Crash with SO_REUSEPORT and ef456144da8ef507c8cf504284b6042e9201a05c
From: Marc Dionne
Date: Tue Jan 19 2016 - 10:58:06 EST
I shared this one with Craig but I thought I'd put it out to a wider audience.
Trying to run the current kernel mainline on a test system I found
that any attempt to run many of our executables would crash the
system. The networking code in all of these opens and listens on
multiple UDP sockets set with SO_REUSEPORT. We also like to bind the
first socket before setting SO_REUSEPORT so we can catch some cases
where the port is actually in use by someone else (for instance a
previous incarnation of the same service).
This is easily reproduced with this sequence:
- create 2 sockets A and B
- bind socket A to an address
- set SO_REUSEPORT on socket A
- set SO_REUSEPORT on socket B
- bind socket B to the same address as A
The sk_reuseport_cb structure is only allocated at bind time if
SO_REUSEPORT is already set, so A doesn't have one. When we bind B, A
is found as a match that has SO_REUSEPORT and reuseport_add_sock will
try to use the NULL sk_reuseport_cb structure from A, causing a crash.
Not sure what the best fix is, but seems like the structure could be
either allocated (if not already done) when setting SO_REUSEPORT, or
when we find it to be NULL in reuseport_add_sock (but locking may be
an issue there). I was able to test that allocating sk_reuseport_cb
when setting SO_REUSEPORT makes things behave normally again; see
attached patch. That's surely not a correct/complete fix as B (in the
scenario above) will have an unnecessary sk_reuseport_cb which will
trigger a warning and should be dealt with.
Thanks,
Marc
commit 518120f41aec30bdde39caf58818e1e5d2d6a4a4
Author: Marc Dionne <marc.dionne@xxxxxxxxxxxx>
Date: Fri Jan 15 16:02:32 2016 -0400
soreuseport: Allow bind before setting SO_REUSEPORT
If a socket is bound before the SO_REUSEPORT option is
set, it will have no sk_reuseport_cb structure allocated
and attached to it. If there is then an attempt to bind
a second socket to the same port, the first socket will
be found as matching and reuseport_add_sock will attempt
to use the NULL sk_reuseport_cb pointer, resulting in an
oops.
Allocate sk_reuseport_cb in setsockopt if not already set.

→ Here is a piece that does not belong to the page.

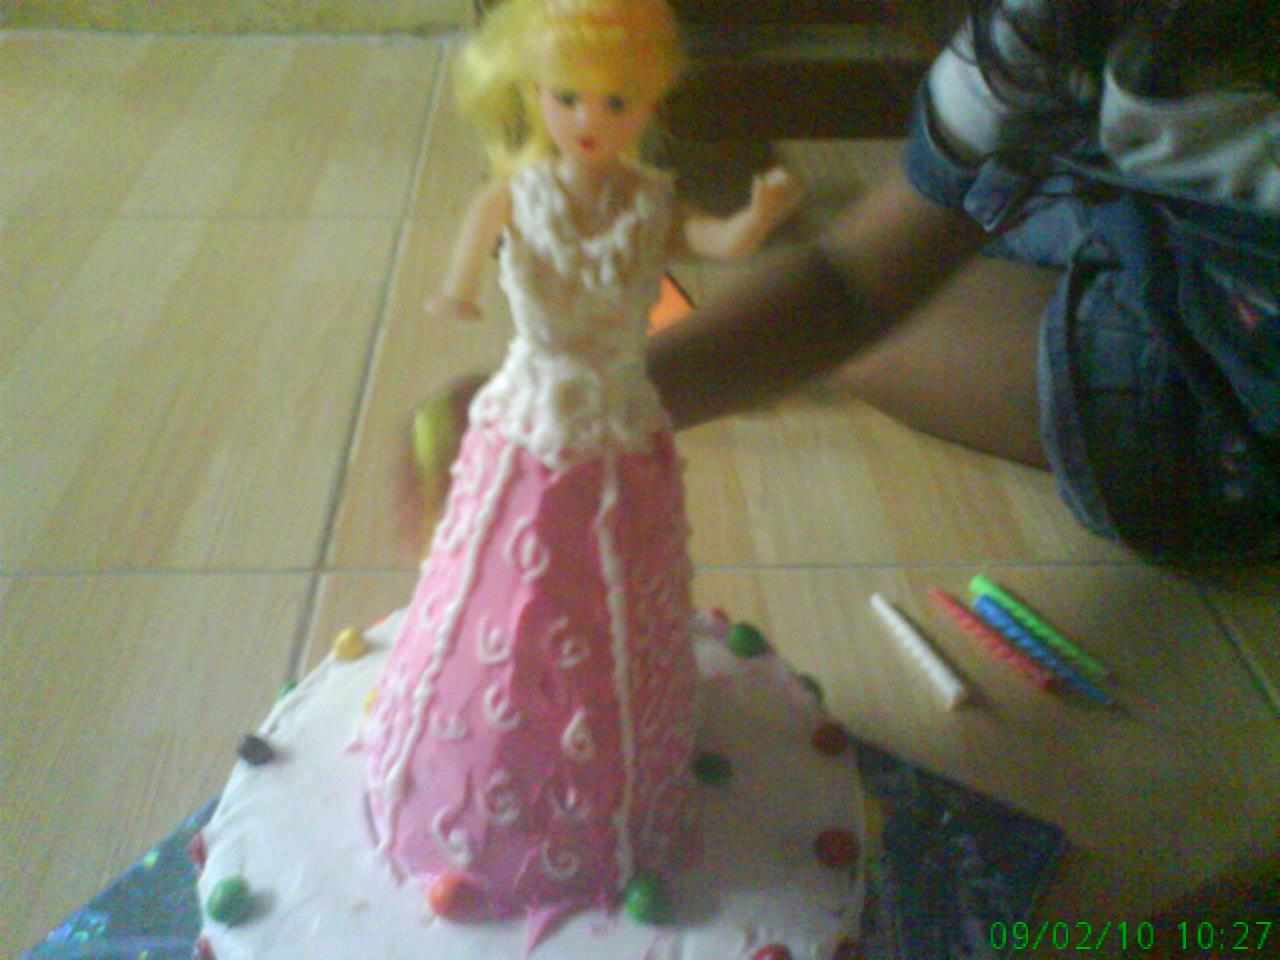 1280 x 960 · 195 kB · jpeg, Resep Kue Tart Barbie Fondant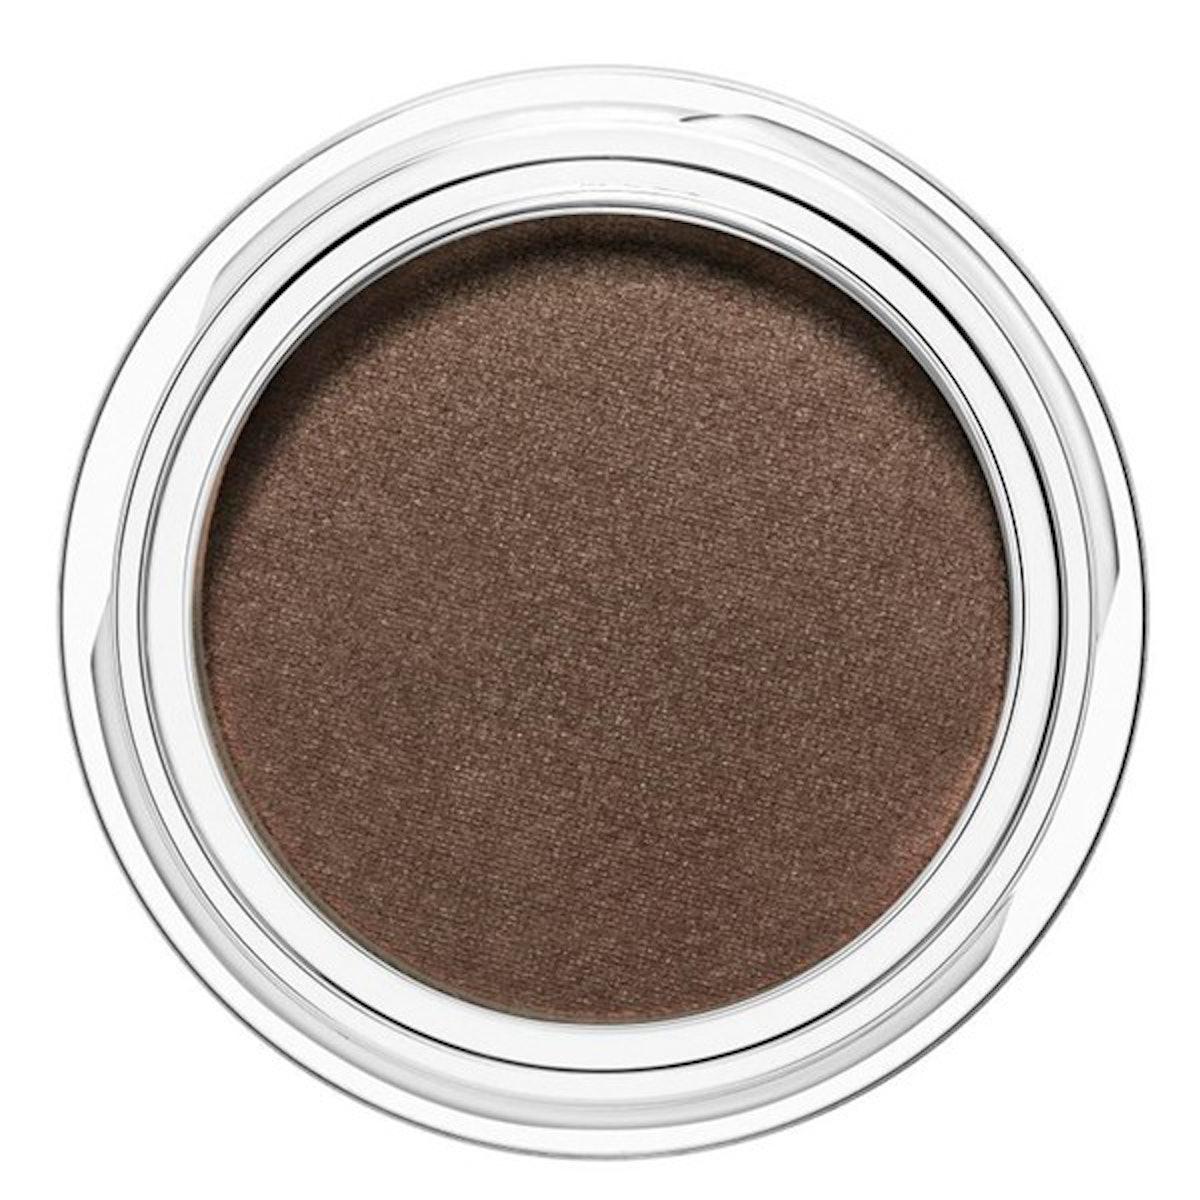 Clarins Ombré Matte Cream-to-Powder Eyeshadow in Taupe

Also, don't preclude reusing a port because the sk has
sk_reuseport_cb set.
Signed-off-by: Marc Dionne <marc.dionne@xxxxxxxxxxxx>
diff --git a/net/core/sock.c b/net/core/sock.c
index 5127023..587de5b 100644
--- a/net/core/sock.c
+++ b/net/core/sock.c
@@ -724,6 +724,8 @@ int sock_setsockopt(struct socket *sock, int level, int optname,
break;
case SO_REUSEPORT:
sk->sk_reuseport = valbool;
+ if (!rcu_access_pointer(sk->sk_reuseport_cb))
+ reuseport_alloc(sk);
break;
case SO_TYPE:
case SO_PROTOCOL:
diff --git a/net/ipv4/udp.c b/net/ipv4/udp.c
index dc45b53..13884b6 100644
--- a/net/ipv4/udp.c
+++ b/net/ipv4/udp.c
@@ -154,7 +154,6 @@ static int udp_lib_lport_inuse(struct net *net, __u16 num,
(!sk2->sk_bound_dev_if || !sk->sk_bound_dev_if ||
sk2->sk_bound_dev_if == sk->sk_bound_dev_if) &&
(!sk2->sk_reuseport || !sk->sk_reuseport ||
- rcu_access_pointer(sk->sk_reuseport_cb) ||
!uid_eq(uid, sock_i_uid(sk2))) &&
saddr_comp(sk, sk2, true)) {
if (!bitmap)
@@ -190,7 +189,6 @@ static int udp_lib_lport_inuse2(struct net *net, __u16 num,
(!sk2->sk_bound_dev_if || !sk->sk_bound_dev_if ||
sk2->sk_bound_dev_if == sk->sk_bound_dev_if) &&
(!sk2->sk_reuseport || !sk->sk_reuseport ||
- rcu_access_pointer(sk->sk_reuseport_cb) ||
!uid_eq(uid, sock_i_uid(sk2))) &&
saddr_comp(sk, sk2, true)) {
res = 1;